## The problem
An exact copy of all the data below is needed, without its pictures.

## Information supplied

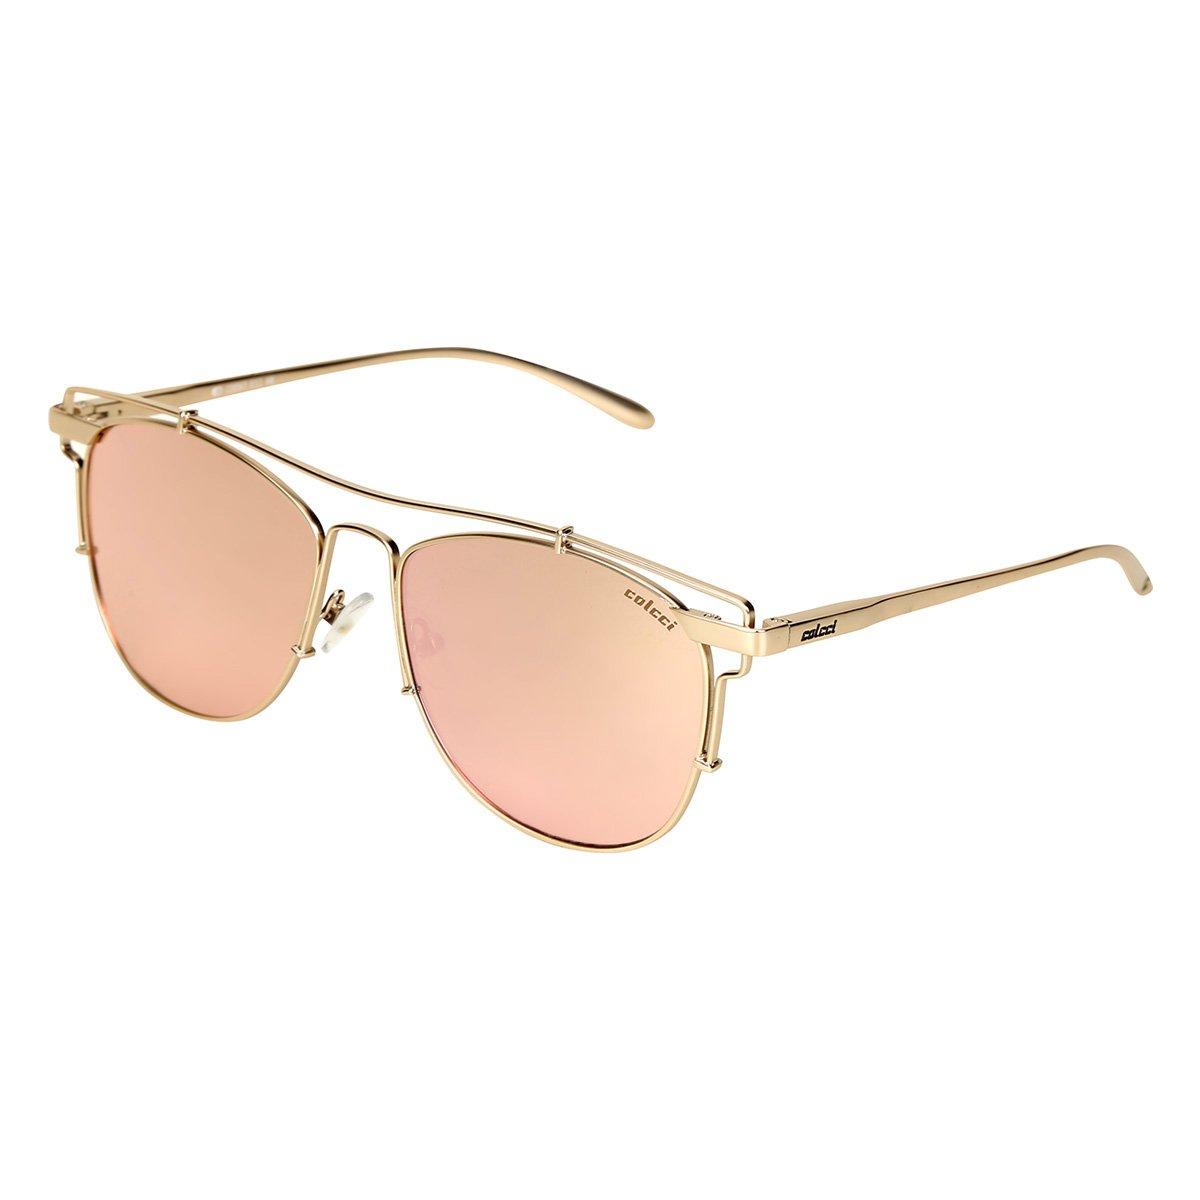 ba5954179ce55 Óculos de Sol Colcci Revo Rose Gold Feminino - Compre Agora   Netshoes
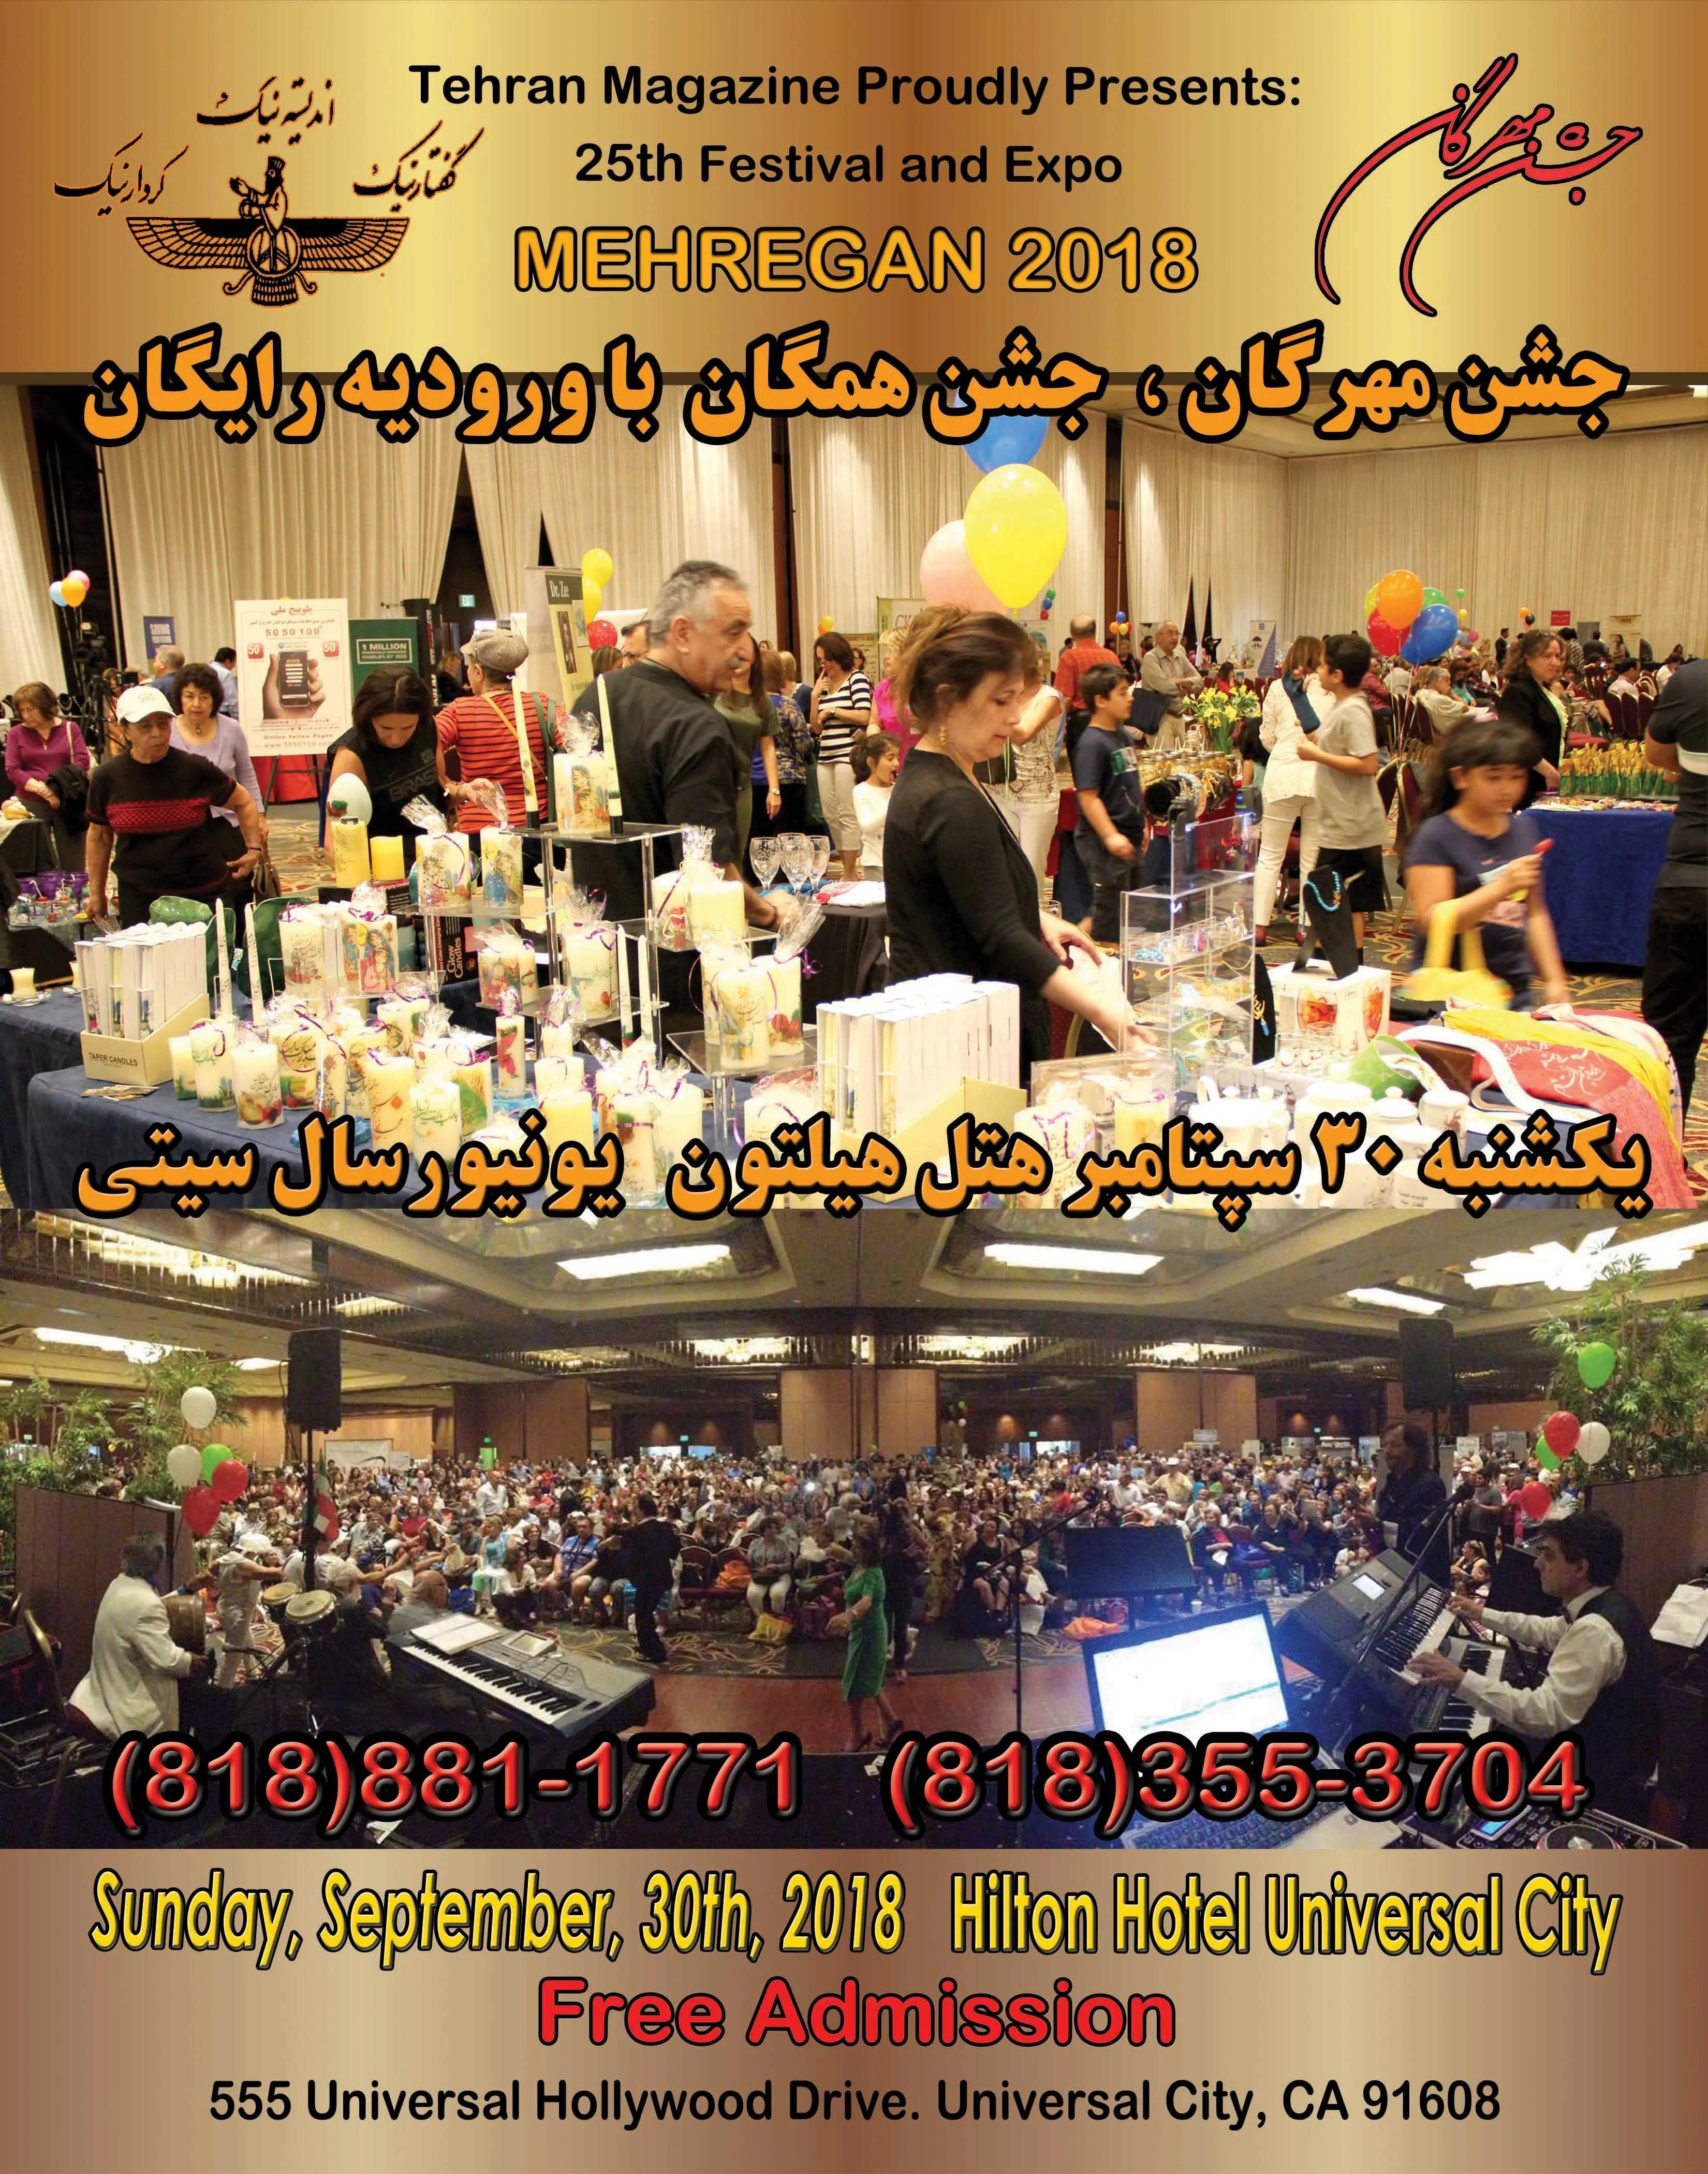 tehran-magazine-shahbod-noori-mehregan2018
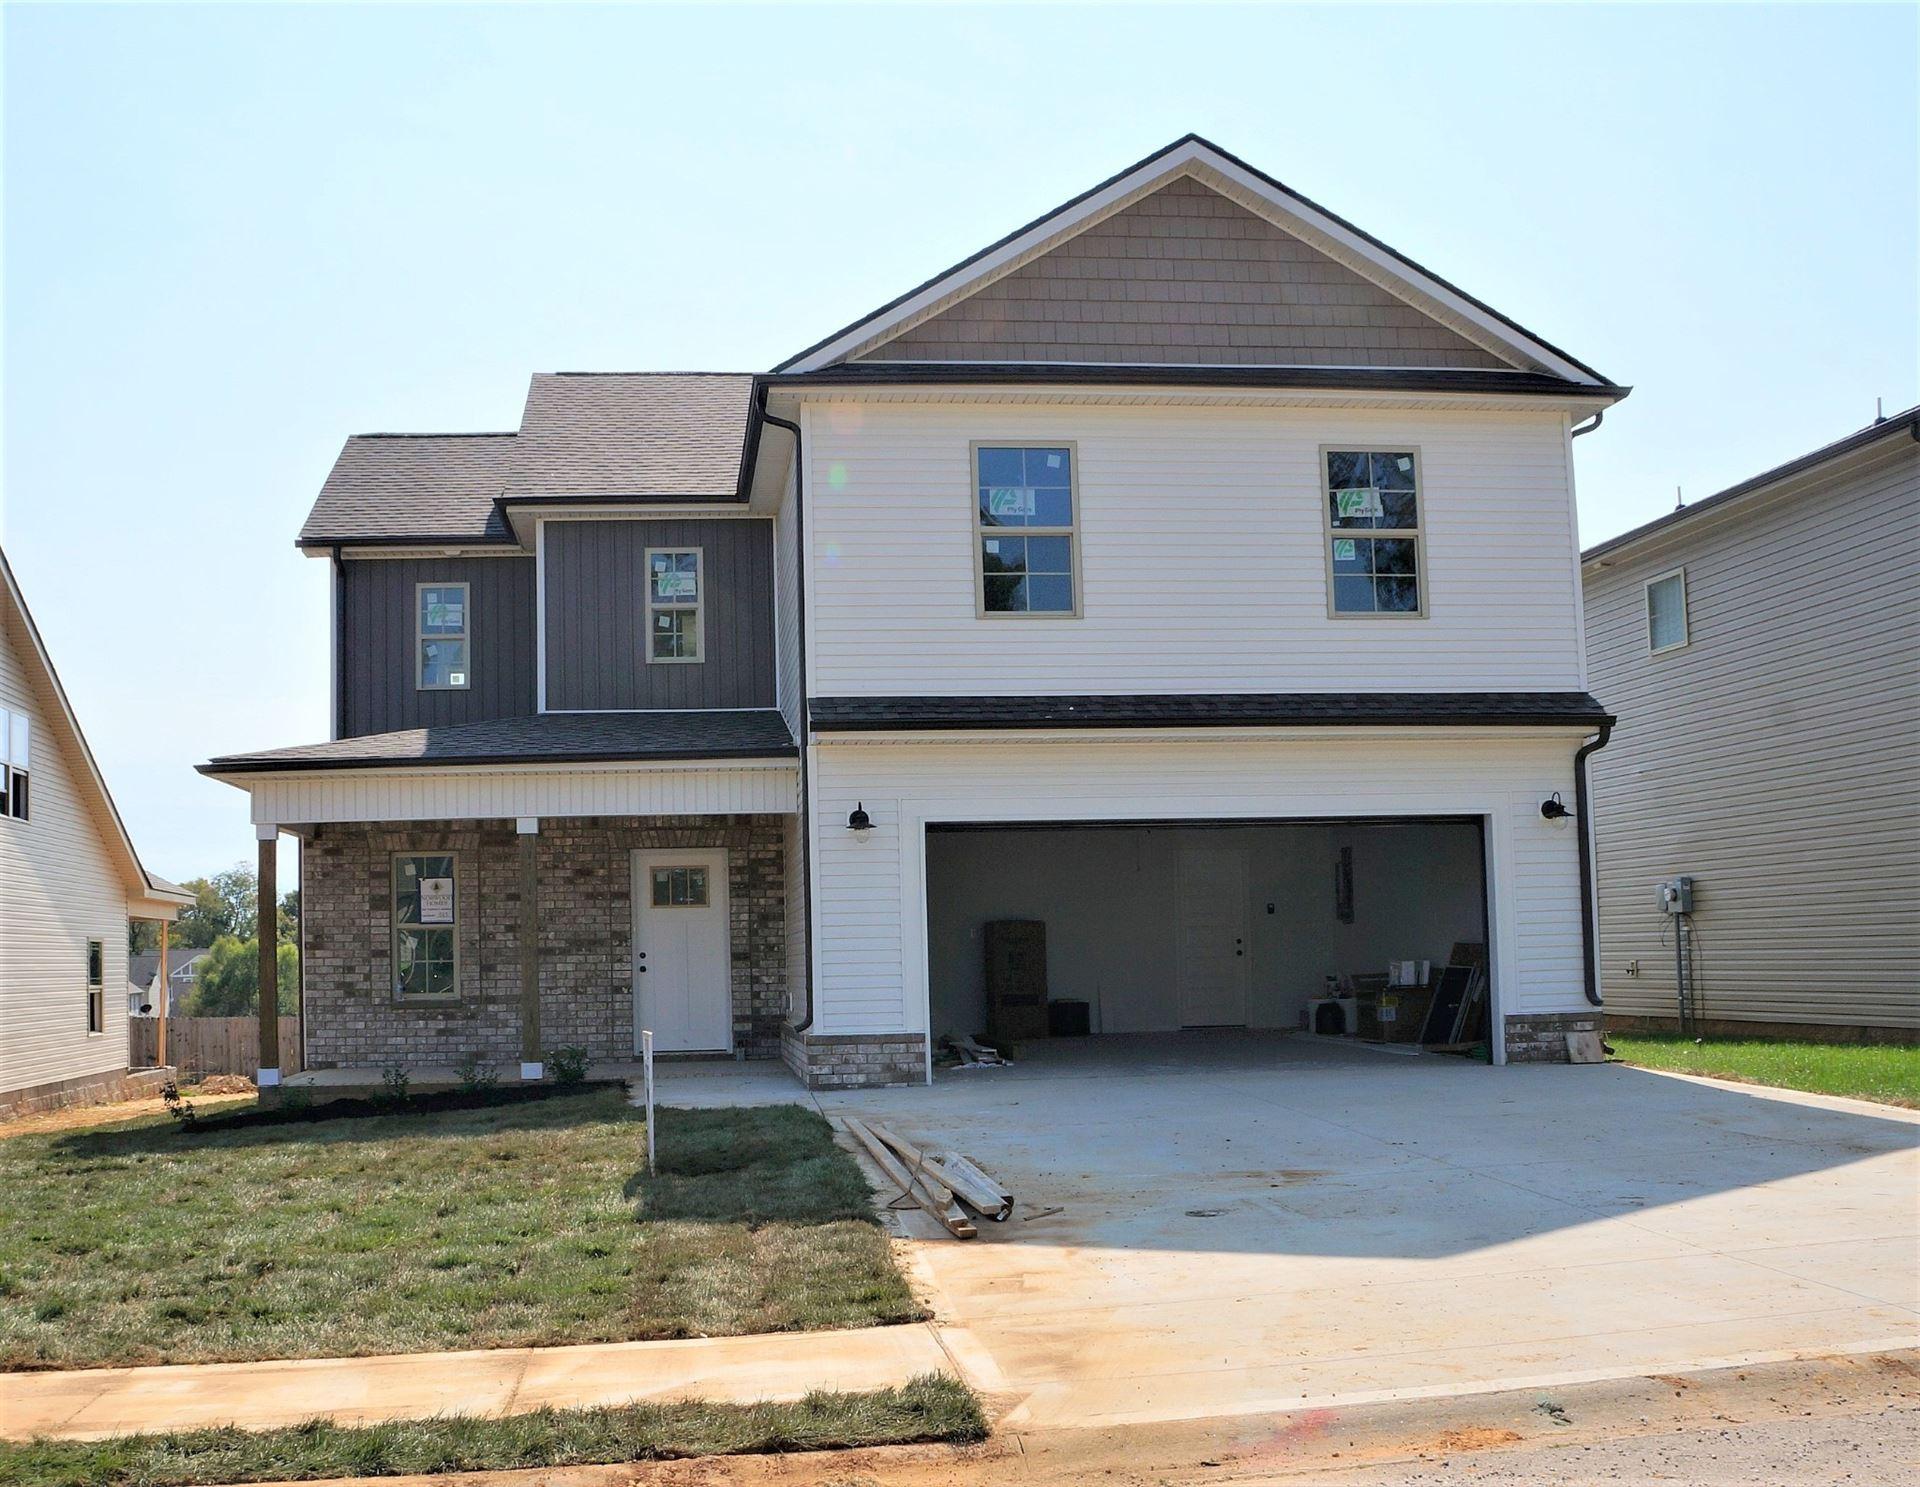 689 Elm St, Clarksville, TN 37040 - MLS#: 2171514

## Exercise answer
 ba5954179ce55 Óculos de Sol Colcci Revo Rose Gold Feminino - Compre Agora   Netshoes
 tehran-magazine-shahbod-noori-mehregan2018
 689 Elm St, Clarksville, TN 37040 - MLS#: 2171514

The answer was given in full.